# Temperaturen Coolermaster  Nepton 120XL in Ordnung?



## StarGer (28. November 2014)

Abend, ich habe seit heute die Coolermaster  Nepton 120XL. 

Alles eingebaut und gleich mal gestestet: 

Auf einem i5 4670K@4,0 Ghz bekomme ich im IDLE um die 32°C, unter Prime 95 hält sich die Temperatur bei 77°C für kurze Zeit, steigt dann aber auf bis 90°C an.

Hatte vorher einen Artic Freezer 13 mit ähnlichen IDLE Temperaturen, welcher jedoch sehr schnell auf 90°C+ anstieg.

Angeschlossen habe ich die Pumpe auf CPUFAN1 (2500 RPM laut BIOS, nicht regelbar) und die zwei Lüfter auf CPUFAN2 (900-2200 RPM).

Die Frage ist: 

Ist dass die max.
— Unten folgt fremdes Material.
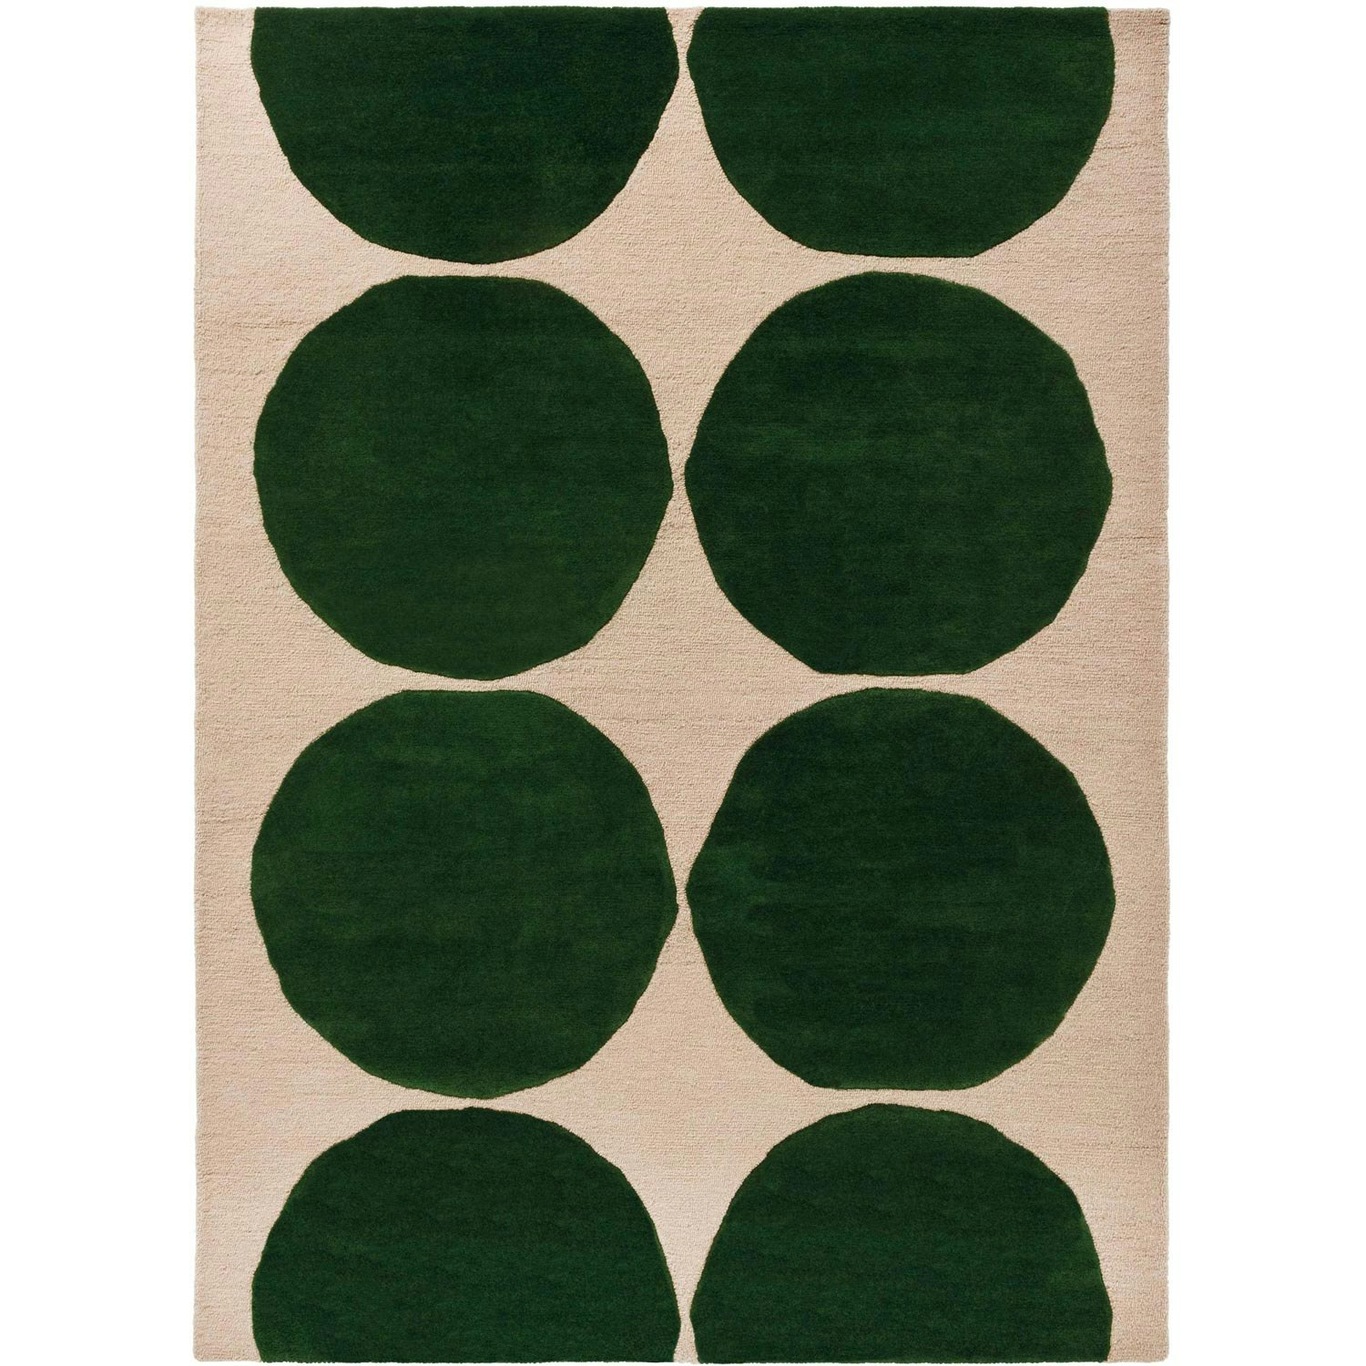 Marimekko Isot Kivet Tæppe 170x240 cm, Grønt

Drehzahl der Pumpe, weder in der Anleitung noch auf der Webseite finde ich eine Drehzahlangabe?
Kann es sein dass das Mainboard auf CPUFAN1 keine vollen 12V ausgibt und somit die Pumpe nicht voll läuft?


----------



## Goyoma (28. November 2014)

Hallo,

Die Temps sehen für eine solche WaKü recht normal aus, unter Spielelast wird er ja so oder so nicht heiß wie bei P95.

DU kannst ja mal die Beiden Kabel bzw die der Pumpe und der Lüfter an die jeweils anderen CPU Fan Connectors auf dem Board stecken und sehen wie sich die Temps dann verhalten.


----------